**Source data:**
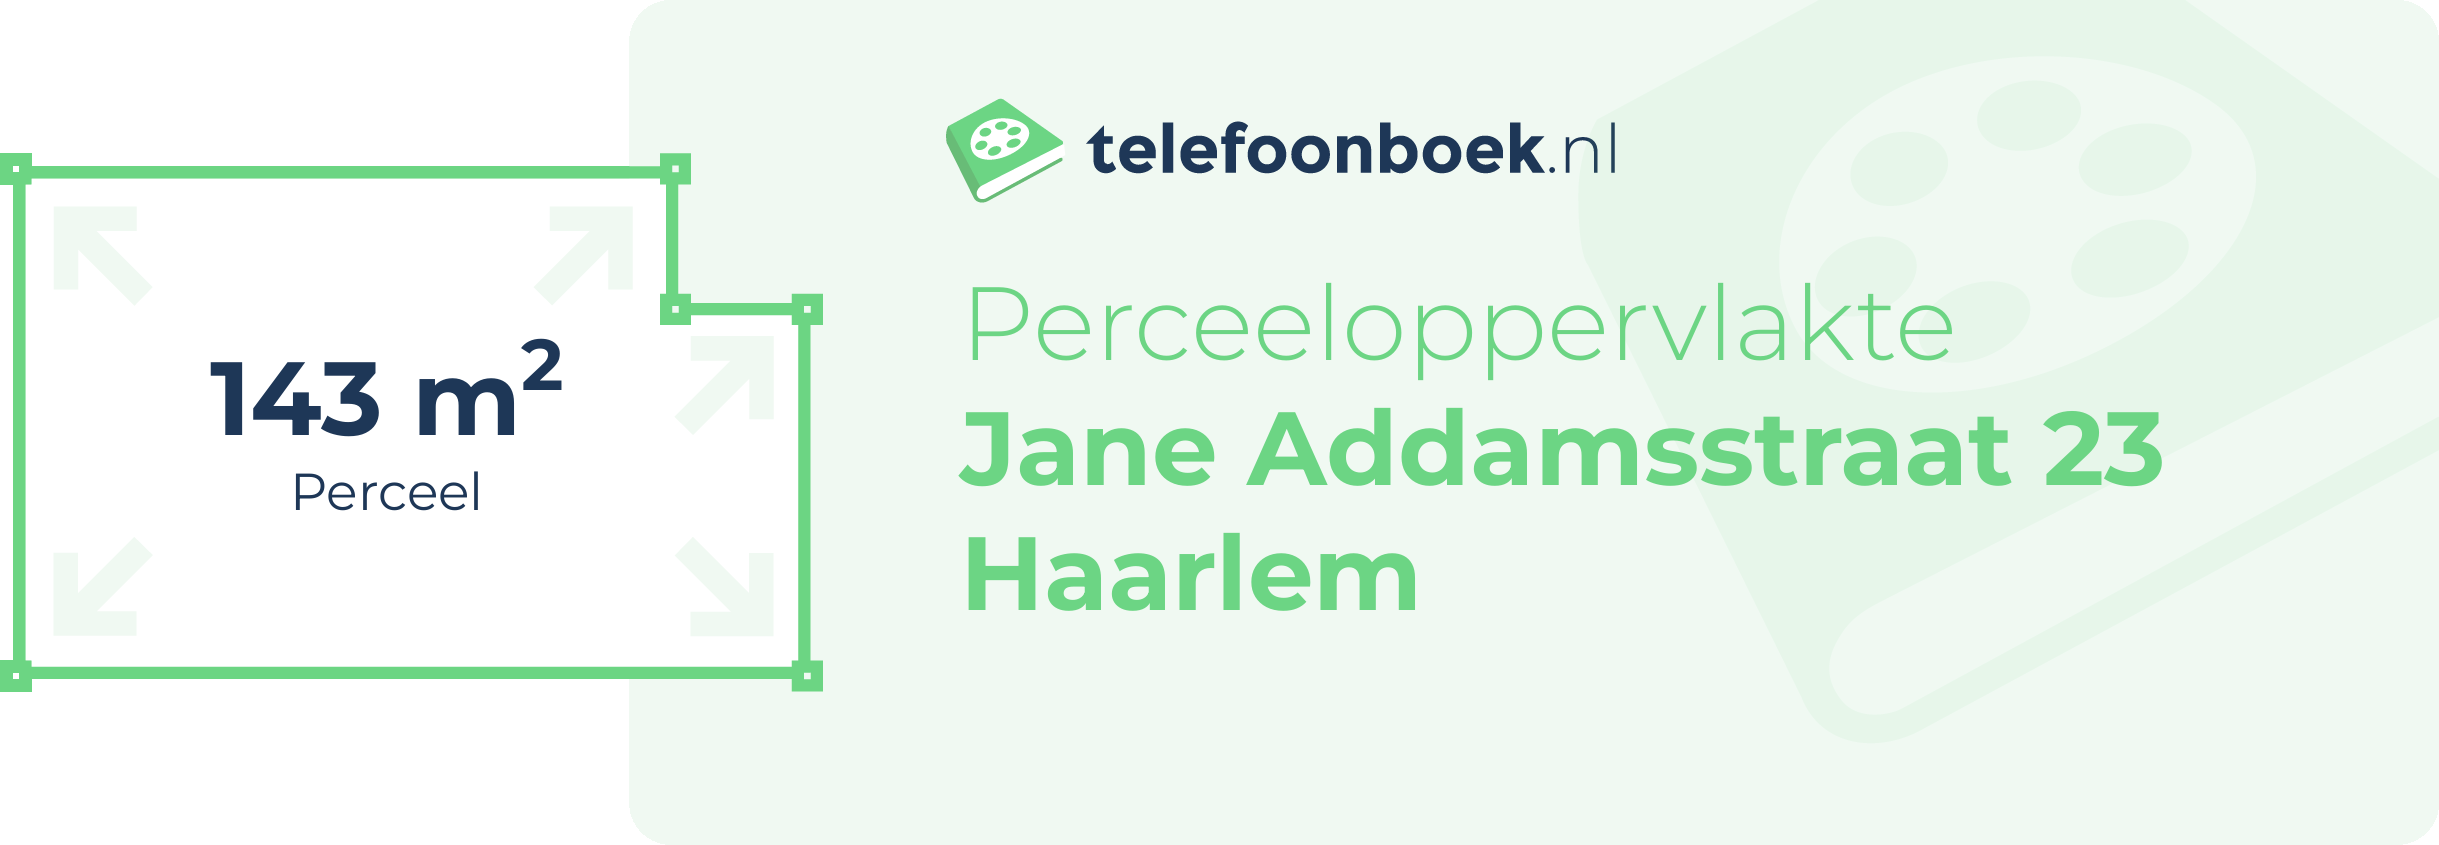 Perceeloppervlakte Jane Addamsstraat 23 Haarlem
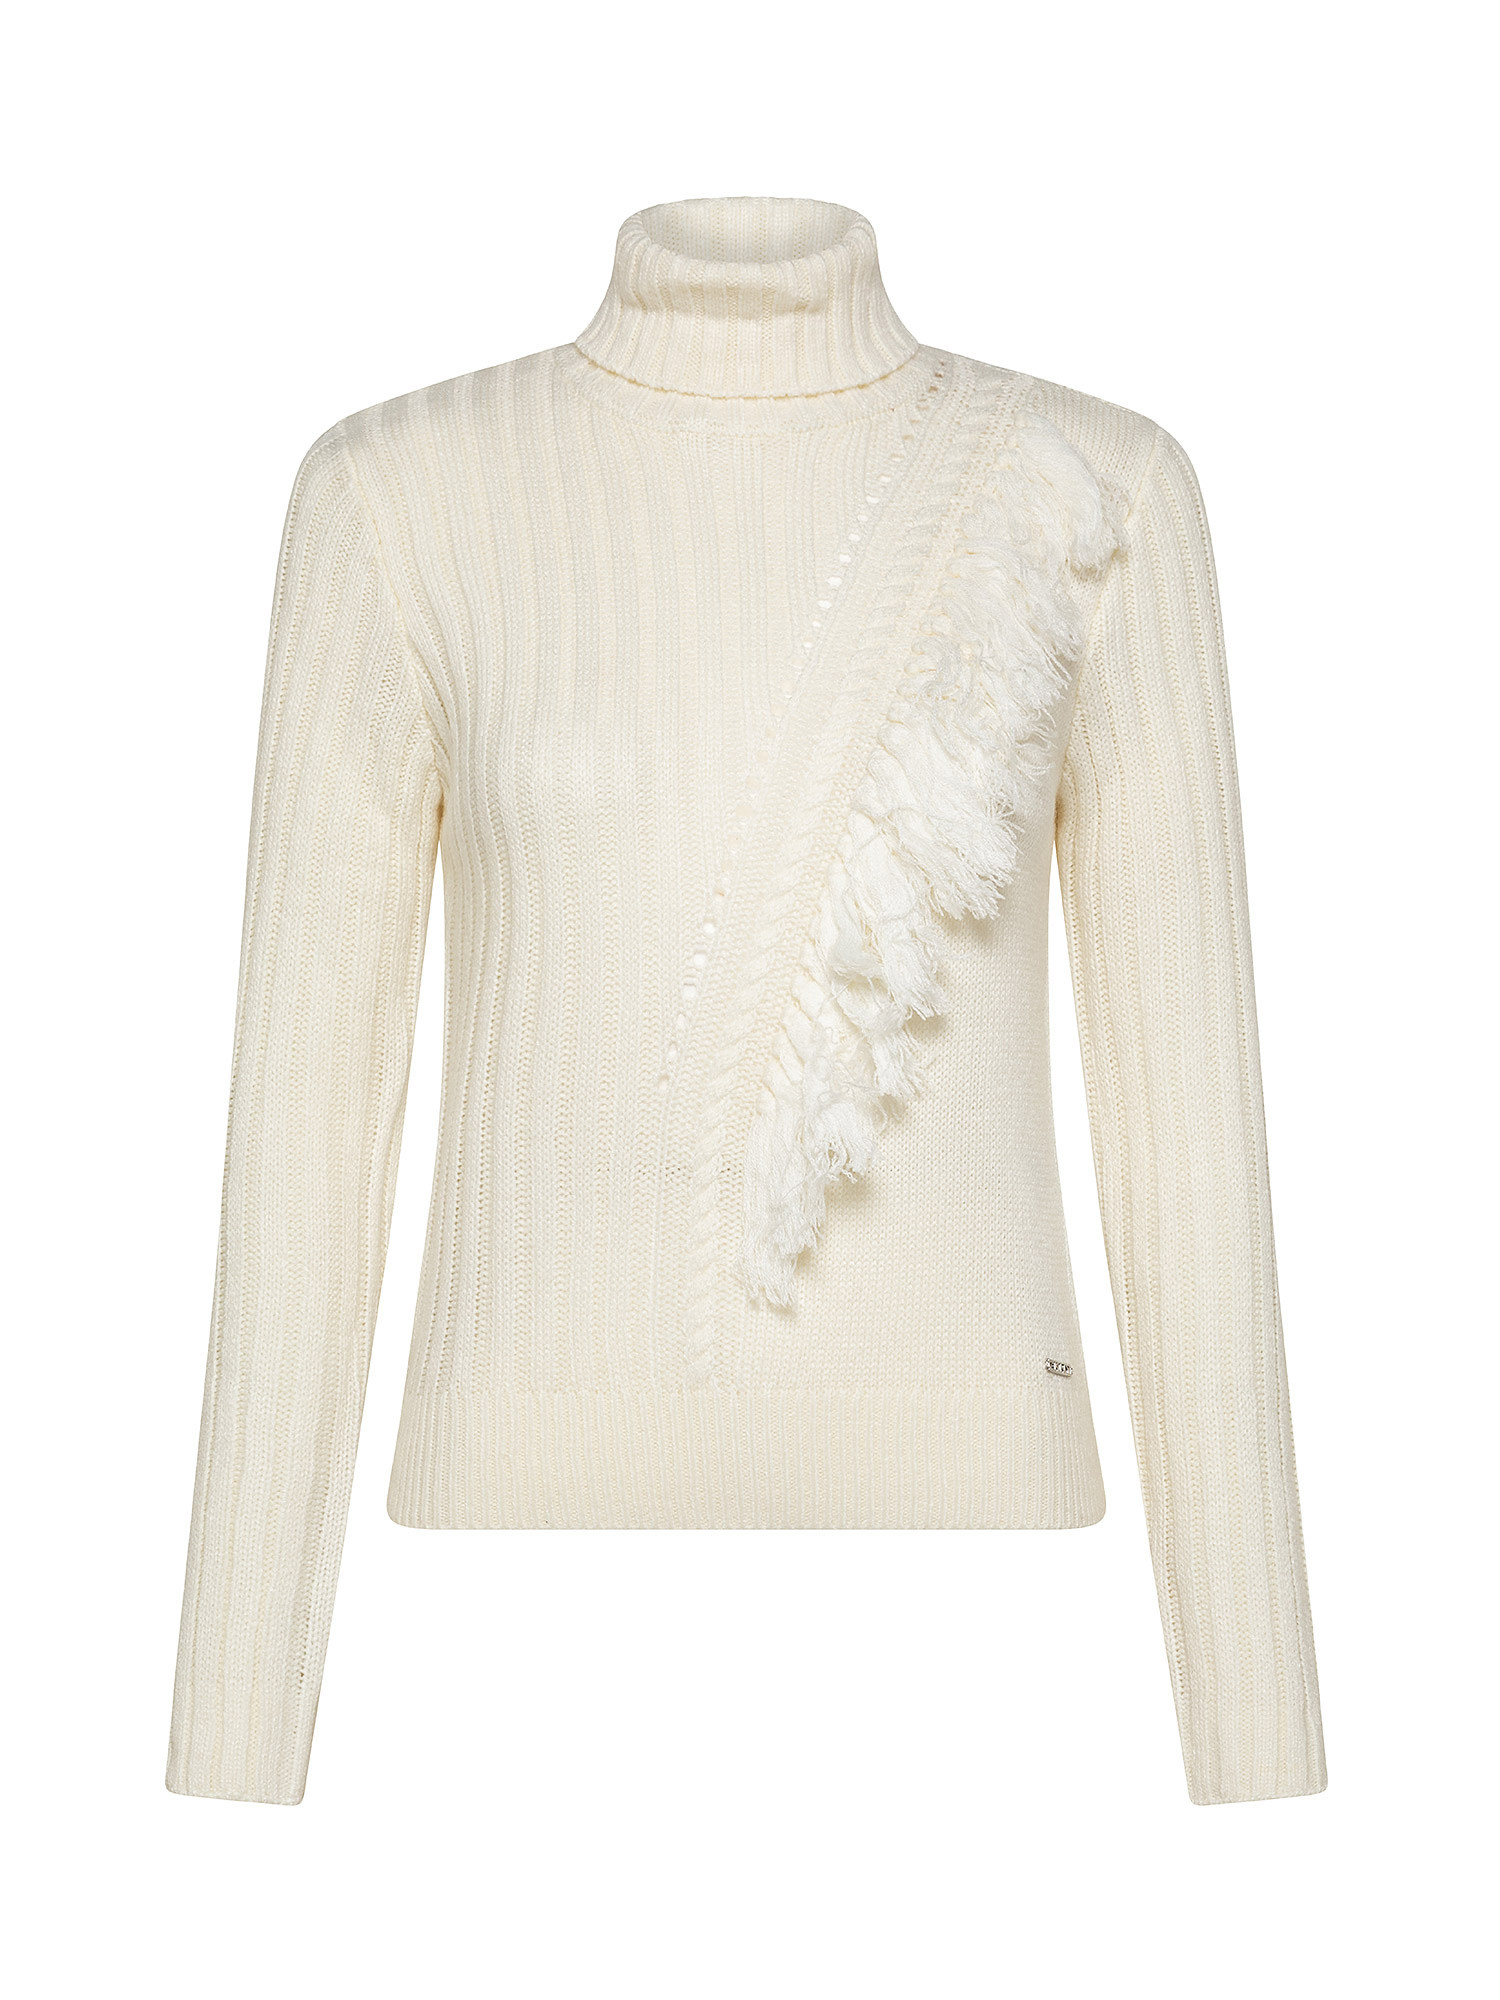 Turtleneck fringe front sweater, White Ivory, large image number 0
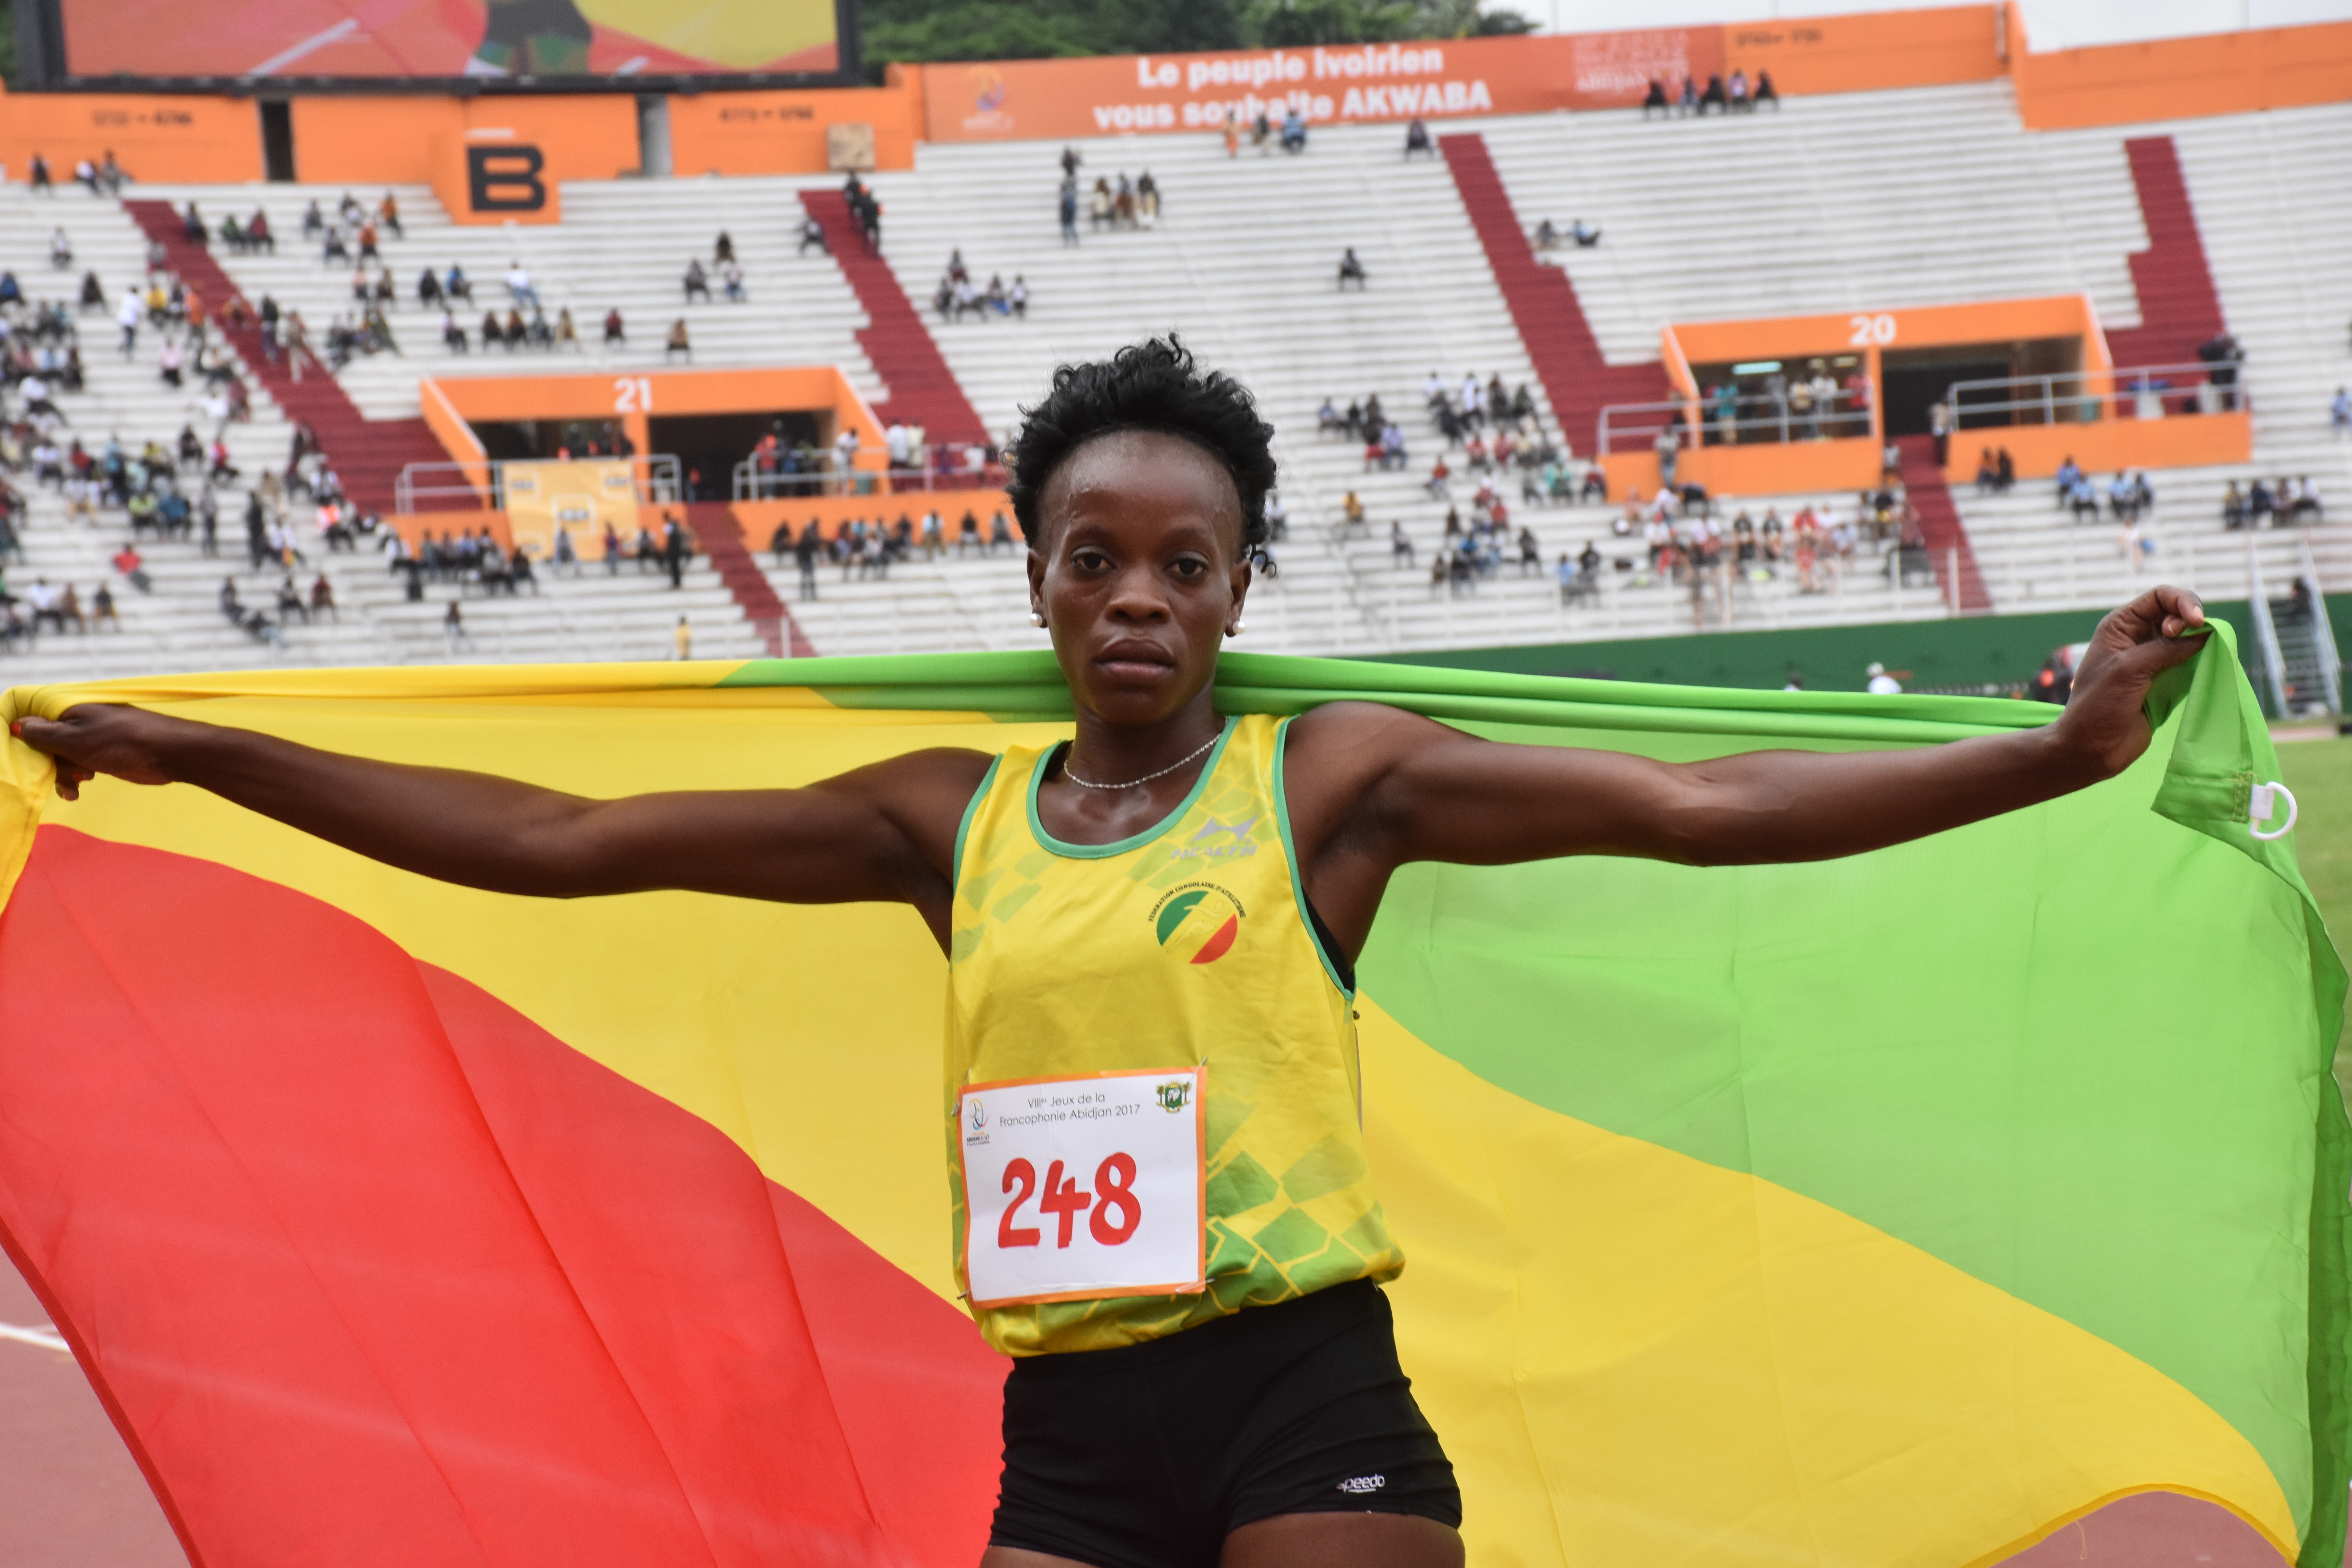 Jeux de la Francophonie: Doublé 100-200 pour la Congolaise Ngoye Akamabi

**Action item:**
Do not include the pictures. Quote only the lines from the line with "Turtleneck fringe front" through the end of the material, both ends included, exactly.

**Solution for this task:**
 Turtleneck fringe front sweater, White Ivory, large image number 0
 Jeux de la Francophonie: Doublé 100-200 pour la Congolaise Ngoye Akamabi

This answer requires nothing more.